Assuming that [tex]FED[/tex] is an equilateral triangle according to the wording of the problem, we have that the angles [tex]\widehat{AFB}=\widehat{BEC}=\widehat{CDA}=60[/tex].
We also know that the circle in green is Inscribed in [tex]FED[/tex].
The following applies to every inscribed circle inside a triangle:
The center of the inscribed circle of a triangle is the intercept of all three angle bisectors of the triangle.
The above theorem implies that the line [tex](FO) [/tex] is an angle bisector because it goes through the vertex F and the center of the inscribed circle.
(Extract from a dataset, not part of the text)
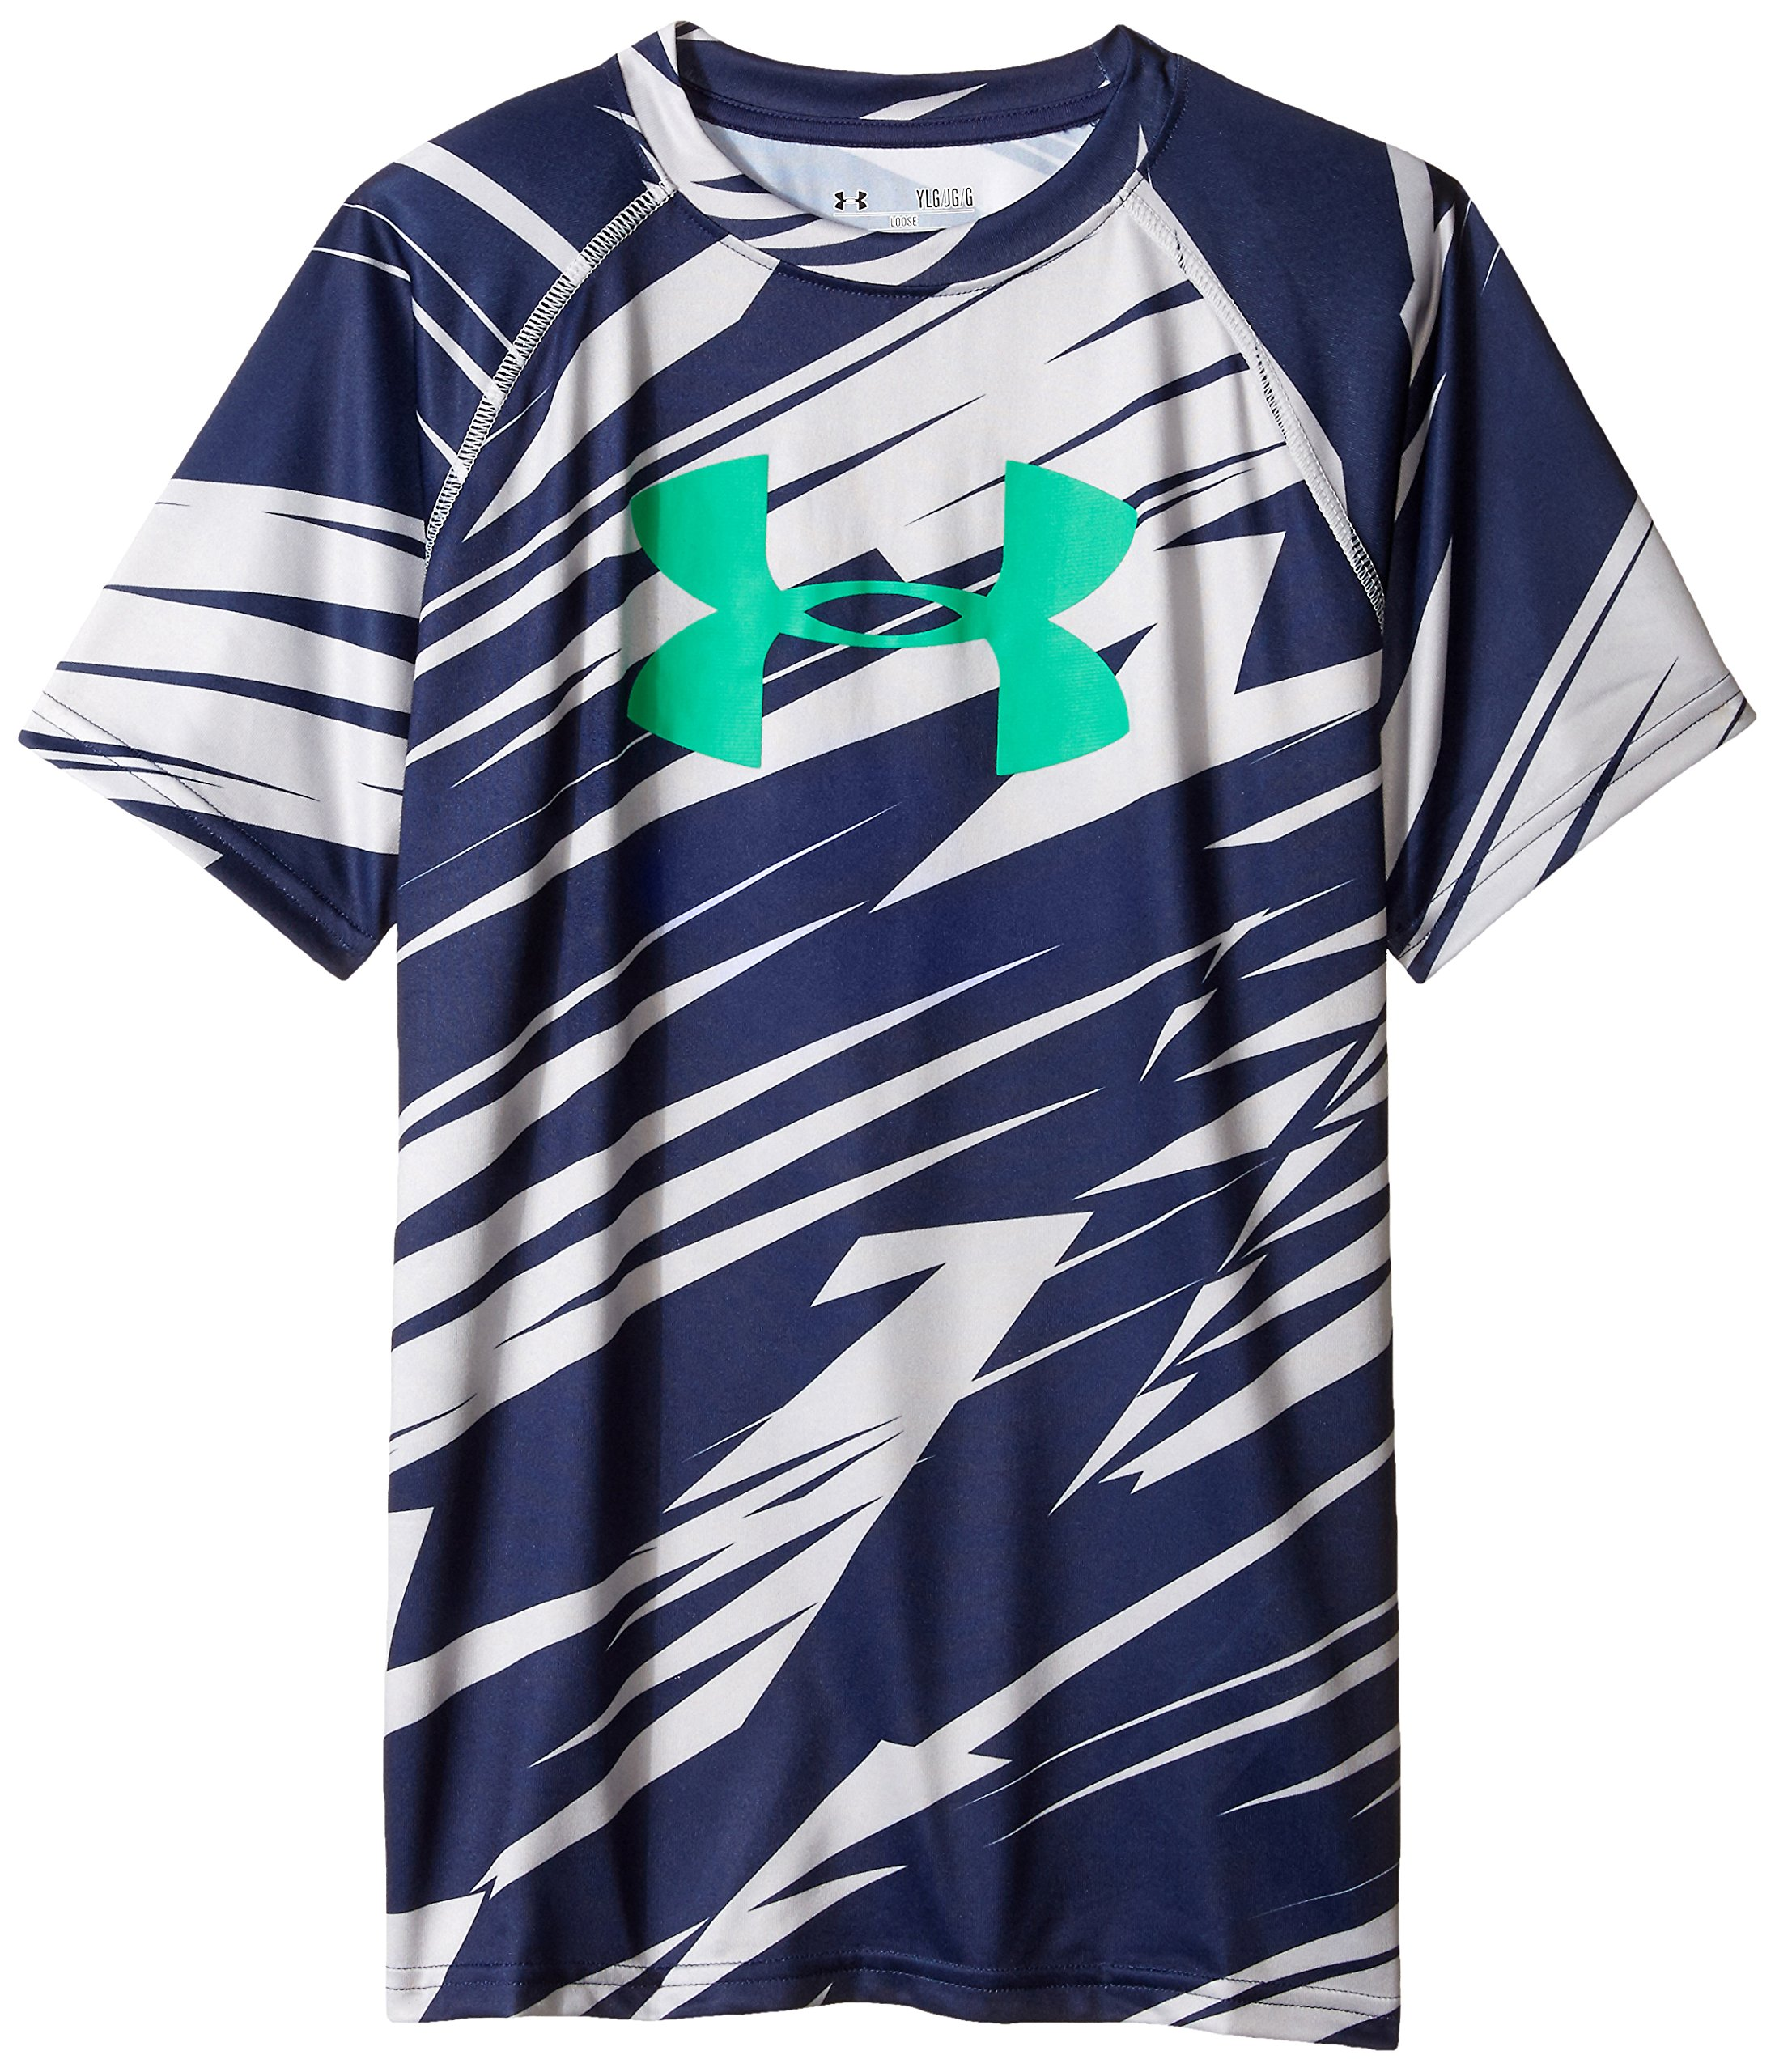 Under Armour Boys' Tech Big Logo Printed Short Sleeve T-Shirt, Steel /Jade, Youth X-Small

The previous statement implies that the angle [tex]\widehat{OFB}=30[/tex].
Now let's work on the [tex]OFB[/tex] triangle.
Knowing that [tex]\widehat{OBF}=90[/tex] (because [tex](EF)[/tex] is tangent to the circle at B and [tex]OB[/tex] is a radius of the circle. If you're lost here, remember that a tangent to a circle is always perpendicular to the radius of the circle.) we can then derive that [tex]\widehat{FOB}=180-90-30=60[/tex] (because the sum of the measures of all angles in a triangle is always equal to 180 degrees).
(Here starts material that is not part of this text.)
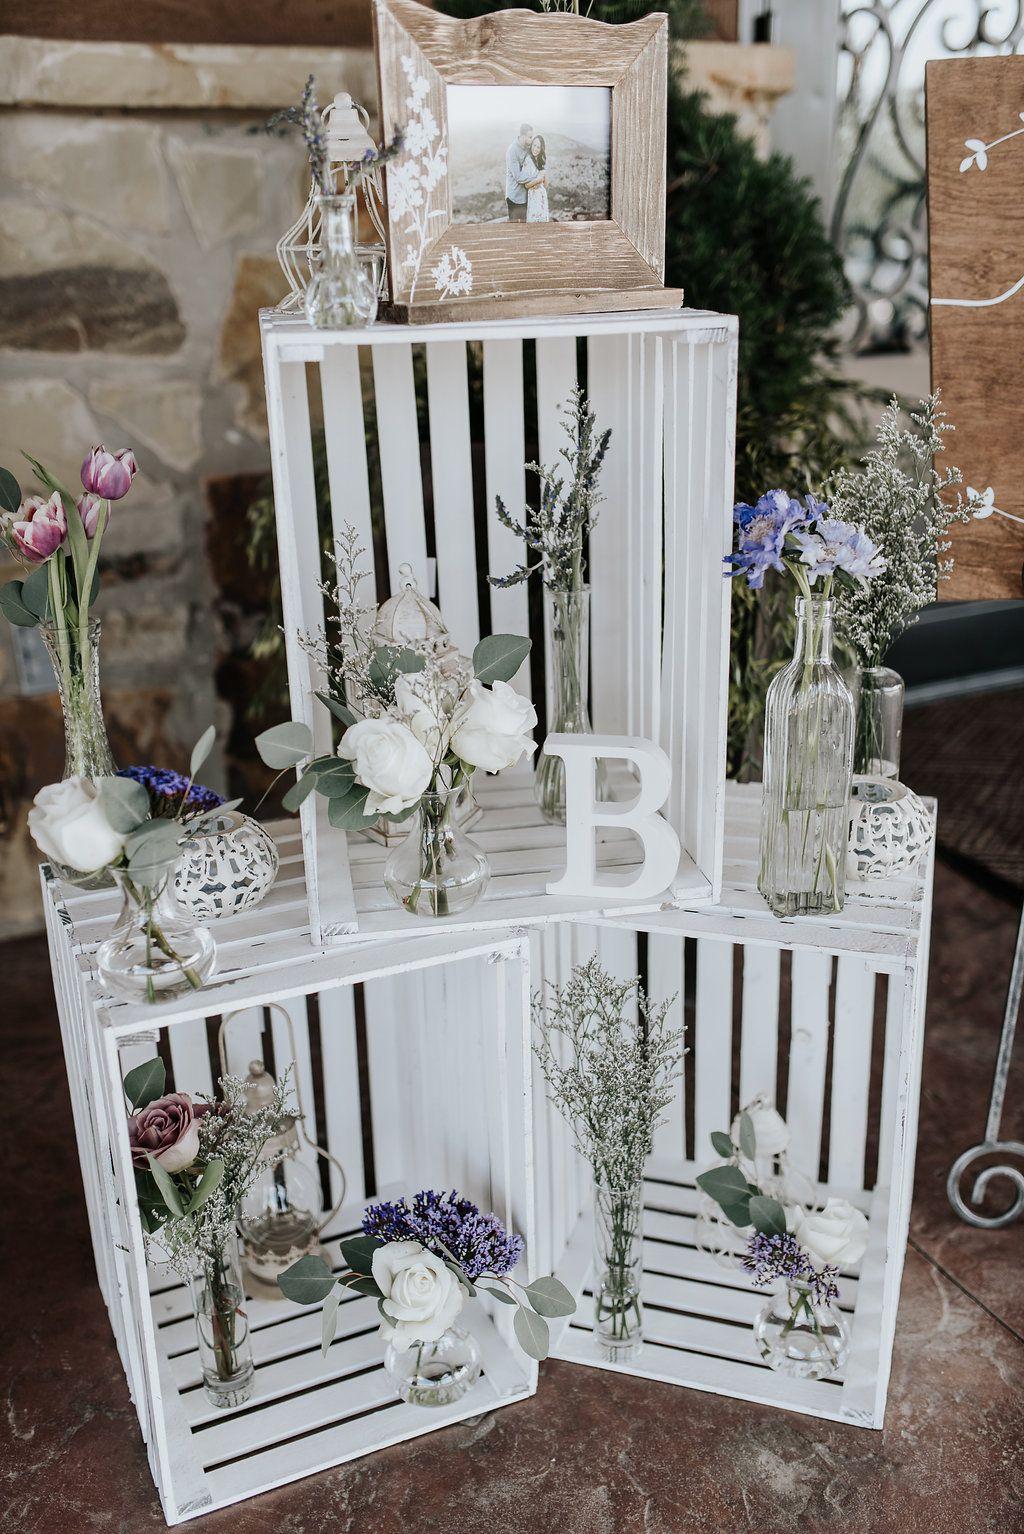 Wedding entry decoration ideas  white  lavender wedding decor  natural wedding decorations

In the same way, we can prove also that:
[tex]\widehat{BOE}=\widehat{EOC}=\widehat{COD}=\widehat{DOA}=\widehat{AOF}=60 degrees[/tex].
Knowing the above we notice that [tex]\widehat{BOC}=\widehat{COA}=\widehat{AOB}=120degrees[/tex].
We're at the last part of our proof here:
Now notice that [tex]\widehat{BOA}[/tex] subtends the same arc on the circle that [tex]\widehat{BCA}[/tex].
According to the inscribed angle theorem, an angle [tex]\theta[/tex] inscribed in a circle is half of the central angle [tex]2\theta[/tex] that subtends the same arc on the circle.
Therefore [tex]\widehat{BCA}=\frac{\widehat{BOA}}{2}=60degrees[/tex]
We can prove in a similar fashion that: [tex]\widehat{CAB}=\widehat{ABC}=60degrees[/tex]
Therefore all the angles of the [tex]ABC[/tex] triangle have a measure of 60 degrees, we conclude then that [tex]ABC[/tex] is equilateral.